Government to expand radiation-hardened microelectronics program with Boeing

Jan. 7, 2010
FORT BELVOIR, Va., 7 Jan. 2010. Experts in radiation-hardened electronics at The Boeing Co. in Seattle are adding five years and $30 million to a U.S. government program to research radiation-hardened complex microelectronics and photonics devices for commercial avionics and other aerospace and defense applications.

Posted by John Keller

FORT BELVOIR, Va., 7 Jan. 2010. Experts in Radiation hardened electronics at The Boeing Co. in Seattle are adding five years and $30 million to a U.S. government program to research radiation-hardened complex microelectronics and photonics devices for commercial avionics and other aerospace and defense applications.

The U.S. Defense Threat Reduction Agency (DTRA) at Fort Belvoir, Va., is adding a five-year option and raising the cost ceiling from $60 million to $90 million for the DTRA Radiation Hardened Microelectronics (RHM) Program, which DTRA launched with Boeing in 2004 to produce electronic devices able to withstand exposure to radiation.

Boeing's rad-hard work for DTRA involves advanced electronics and photonics devices at sub-micron architecture scales of 90, 65, 45, and 32 nanometers that are able to resist the effects of space radiation and nuclear weapons. Microelectronics devices that Boeing is researching may achieve sub-micron geometries and be able to resist the effects of a radiation dosage of as much as 2 megarads.

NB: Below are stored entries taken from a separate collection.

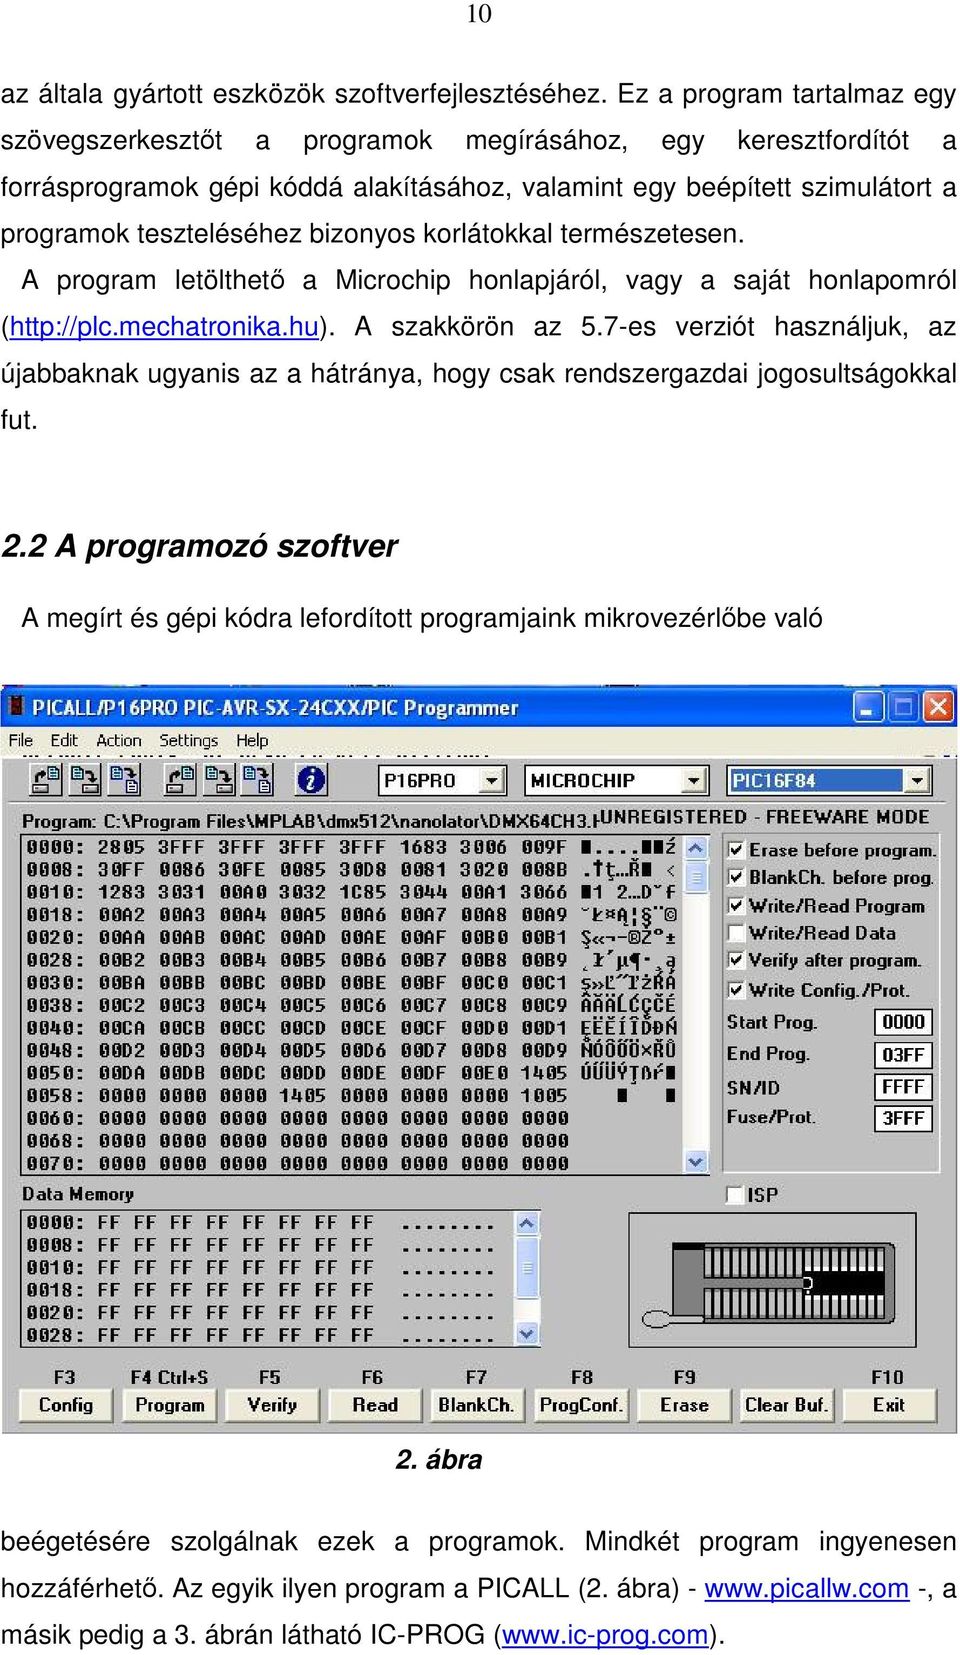 bizonyos korlátokkal természetesen. A program letölthetı a Microchip honlapjáról, vagy a saját honlapomról (http://plc.mechatronika.hu). A szakkörön az 5.
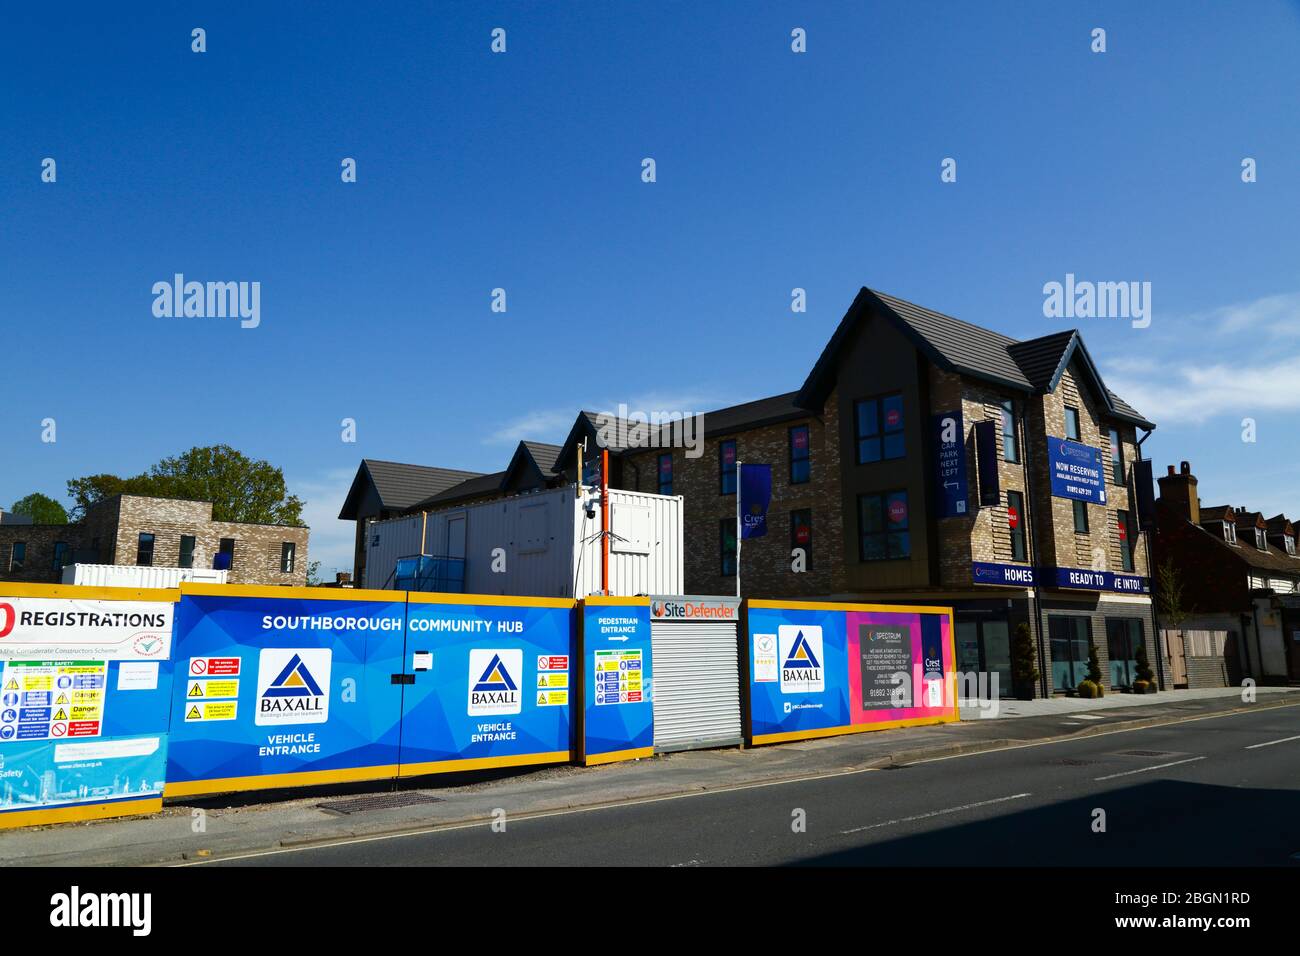 Ufficio vendite di spettro costruito sul nuovo sito di sviluppo del progetto Southborough Community Hub, London Road, Southborough, Kent, Inghilterra Foto Stock
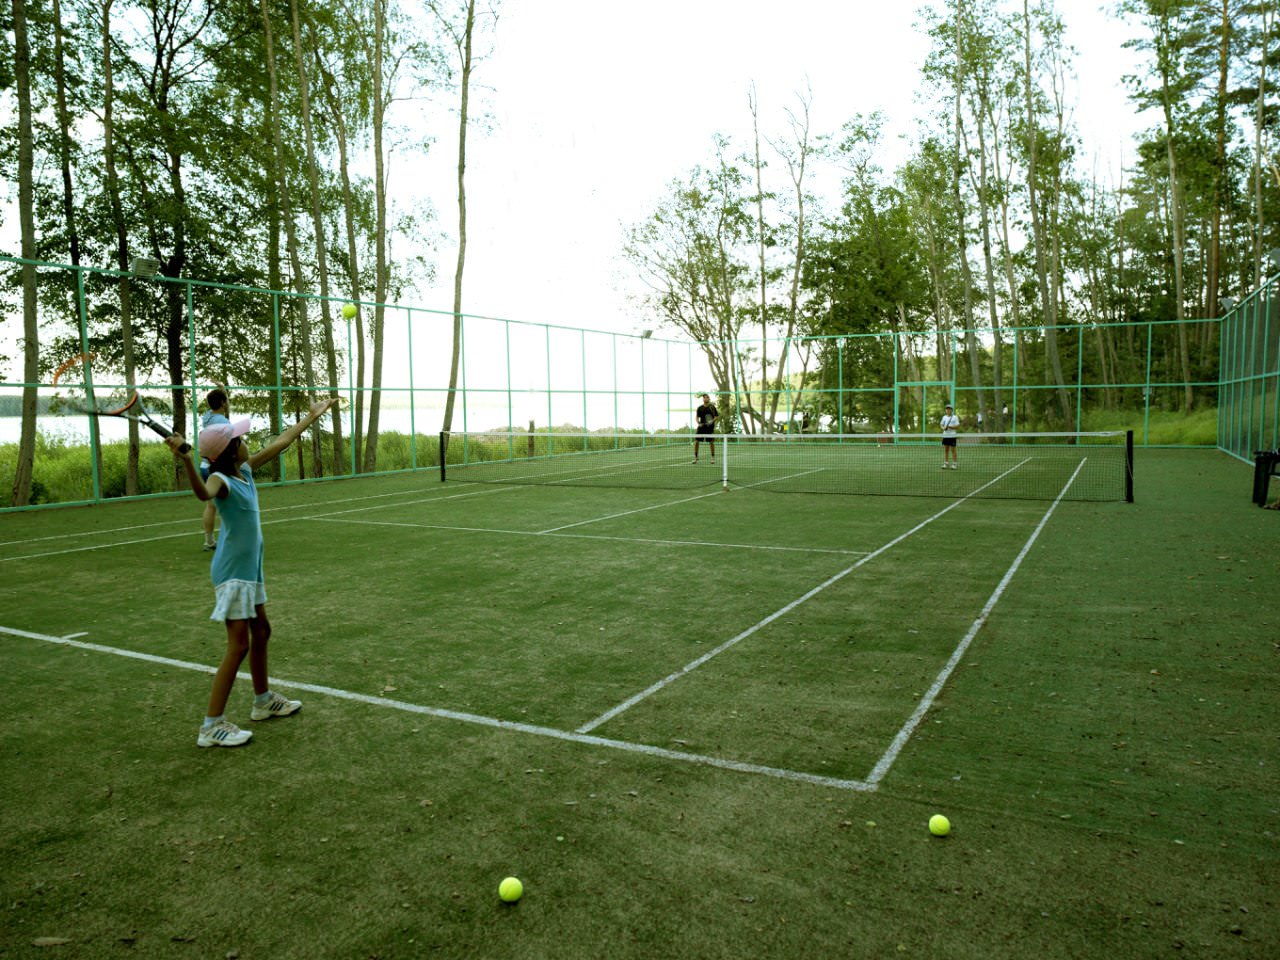 Травяное покрытие теннисного корта
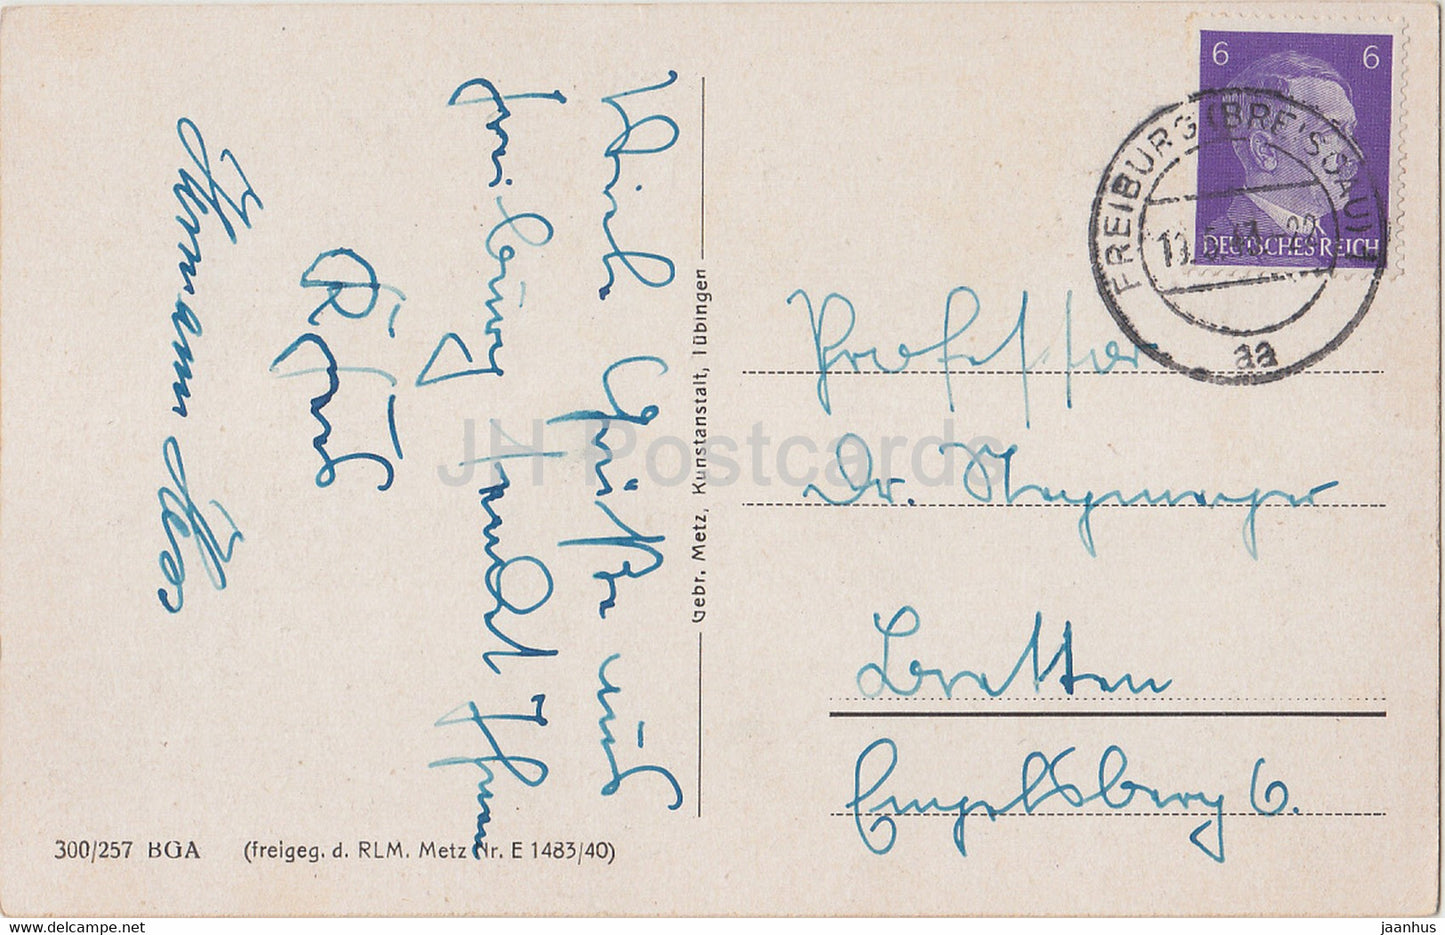 Freiburg i Br - Oberlinden - alte Postkarte - 1943 - Deutschland - gebraucht
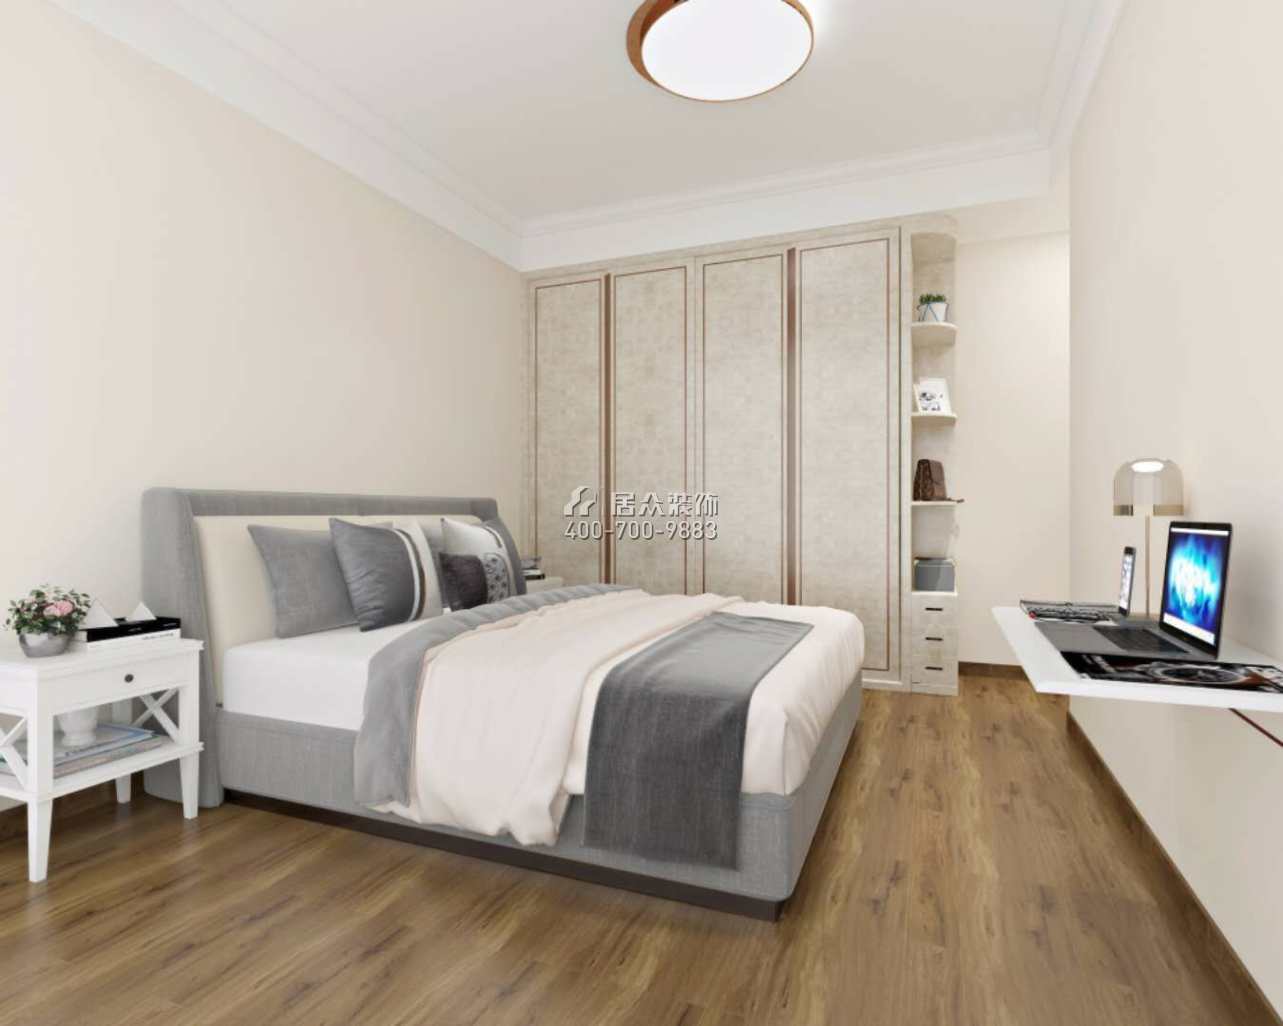 潤科華府89平方米現代簡約風格平層戶型臥室裝修效果圖

Boeing experts will continue rad-hard research work in three primary areas:

-- develop electronic design automation (EDA) and technology computer aided design (TCAD) technology to radiation harden complex microelectronics and photonics devices;

-- model and simulate the radiation response of microelectronic and photonic technologies; and

-- design prototype radiation-hardened digital, analog, and mixed signal integrated circuits, system-on-chip (SOC) devices, and system-in-package (SIP) developed with EDA and TCAD technology.

The DTRA RHM program includes the Boeing Radiation Hardening-by-Design (RHBD) program to develop 90-nanometer rad-hard integrated circuits -- such as a general-purpose microprocessor, static random access memories (SRAMS), phase-locked loop (PLL) devices, and serializer/deserializer (SERDES) devices -- able to withstand a total ionizing radiation dose of more than 2 megarads, and to extend this technology to smaller IC geometries of 65, 45, and 32 nanometers.